Eighteen years ago, no longer willing to put up with the noise, overcrowding, air pollution, tiny apartment and architectural monstrosities of the city, I had a choice to make; either leave Hong Kong or make a home in Sai Kung.
I chose the latter and it has turned out to be one of the best decisions I have ever made.
Property developers, with government support, have made the living environment in Hong Kong Island and Kowloon a nightmare.
Now, Development Secretary Carrie Lam Cheng Yuet-ngor wants to take land away from indigenous villagers and hand it to those same property developers who, I am sure, are salivating at the prospect.
The Heung Yee Kuk may be an odious organisation but, with respect to the damage that it can inflict, it is infinitely preferable to the property developers.
The government reports that in the past year, applications for building small houses soared to a record high and 1,344 were approved by the Lands Department for the entire, vast area of the New Territories.
Just how does Mrs Lam equate that with 'infinite demand'? The only thing 'infinite' in Hong Kong is the lust of the property developers for more land and more profit.
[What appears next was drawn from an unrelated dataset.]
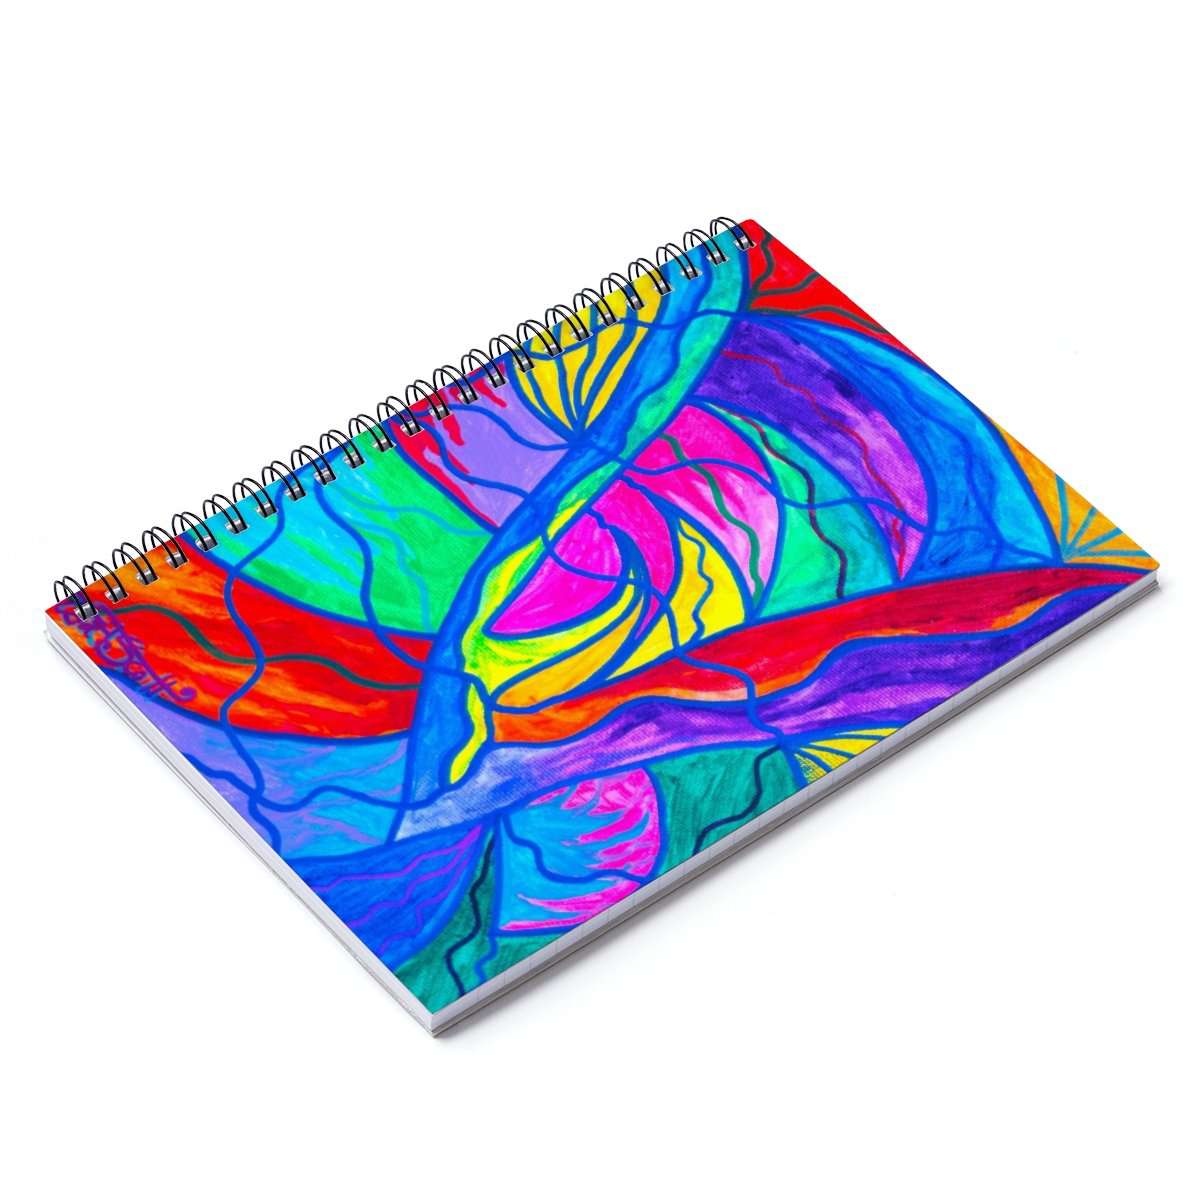 Drastic Change - Spiral Notebook

It is obvious to anyone that the small-house policy is not working as it was designed to work and some adjustments might be required. But the important thing to remember is that the New Territories is not the same as Kowloon and Hong Kong Island.
Its history, culture, traditions and way of life are entirely different and the small-house policy is an important element in maintaining that difference.
As far as possible, the government should take a hands-off approach to the New Territories.